Empowering lives through Karya
Meet Preethi P., a living example of the transformation Karya has brought. Earlier a skilled tailor, Preethi used to earn less than Rs. 100 a day, toiling over mending and stitching clothes. Today, she is one of the 70 workers from Agara who helps build a dataset. She reads sentences in her native Kannada language into Karya's app on a phone. In just three days, Preethi earned Rs. 4,500, over four times her usual monthly income as a tailor.
Karya's mission is fuelled by the demand for data
With the rising enthusiasm for generative AI, tech companies' appetite for data has become insatiable. According to NASSCOM, India is expected to host almost a million data annotation workers by 2030. Karya differentiates itself by paying its workers up to 20 times the minimum wage and ensuring the delivery of high-quality Indian-language data. Chopra, a computer engineer educated at Stanford, firmly believes that underpaid data labor is an industry failure that must be rectified.

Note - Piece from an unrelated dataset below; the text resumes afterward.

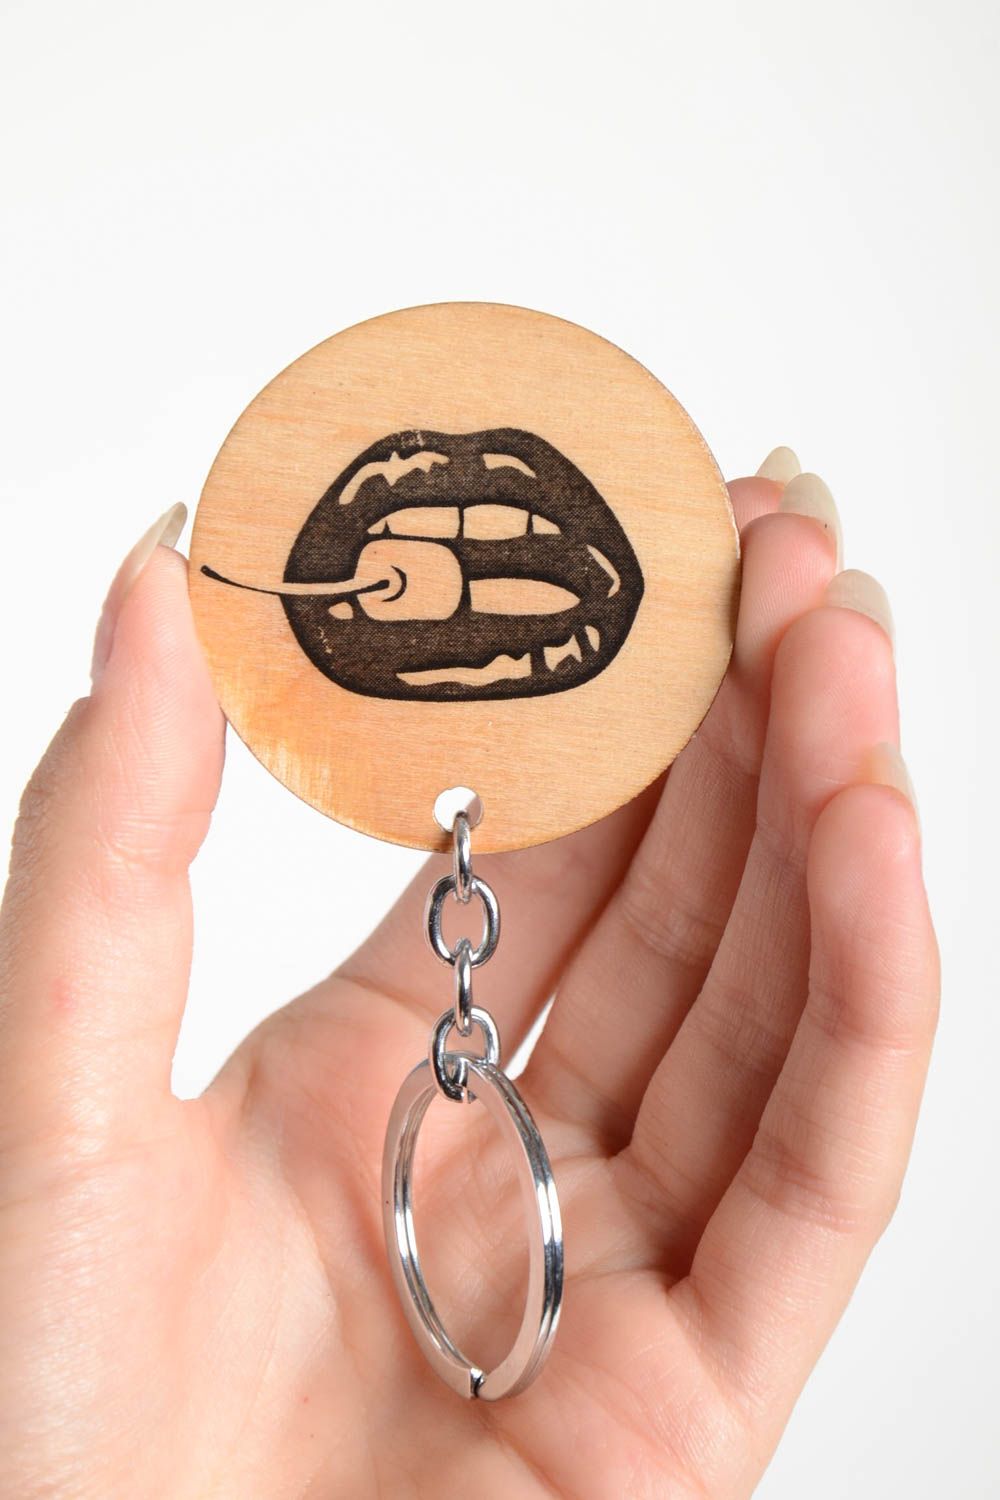 Designer accessories handmade wooden key chain designer keyrings gifts for girls photo 2

Major tech companies are partnering with Karya
Major tech companies have often outsourced data tasks to cheaper contractors overseas. But now, they are partnering with Karya to address the challenge of finding high-quality data that caters to diverse non-English speaking users. Microsoft, the Bill & Melinda Gates Foundation, and Alphabet Inc.'s Google have joined forces with Karya. "Tech companies want the data, accent and all," Chopra told Bloomberg. "You cough, they want that in the speech - it represents natural language."
Bill & Melinda Gates Foundation is collecting 'gender intentional' datasets
Bill & Melinda Gates Foundation has involved over 30,000 educated young women to work with Karya to help collect "gender intentional" datasets in six Indian vernacular languages. This means ensuring words like "pilot," "scientist" or "boss" aren't exclusively associated with the male gender, or "nurse," and "flight attendant" sort of professions aren't assumed to be female-only.
Microsoft and Google are also leveraging Karya's services
Microsoft Research India's Saikat Guha, who used Karya's content for a project to help those with visual disabilities find jobs, praised Karya's data quality. "If you pay workers fairly, they are more invested in their work, and the end result is better data," he says. Meanwhile, Google, with the help of Karya and other local partners, is gathering speech data in 85 Indian districts. In the future, they plan to build a generative AI model for 125 Indian languages.
Bridging the linguistic gap
AI models have heavily leaned on English-language internet data, leaving non-English-speaking users underserved. In India alone, nearly a hundred crore potential users are eager to embrace AI tools across various sectors, but the reality is that over 70 Indian languages, each spoken by over a million people, have zero digital representation. Karya aims to bridge this gap in India. Its app is designed to function even without internet access and offers voice support for those with limited literacy.
Manu Chopra's purpose-driven journey
For Chopra, the goal isn't just to improve the supply of data but to fight poverty. He grew up in an impoverished neighborhood called Shakur Basti in West Delhi. He won a scholarship to study in an elite school where he was bullied because his classmates said he "smelled poor." He graduated in 2017 from Standford University in computer science and began working on Karya, with the vision to use technology to tackle poverty.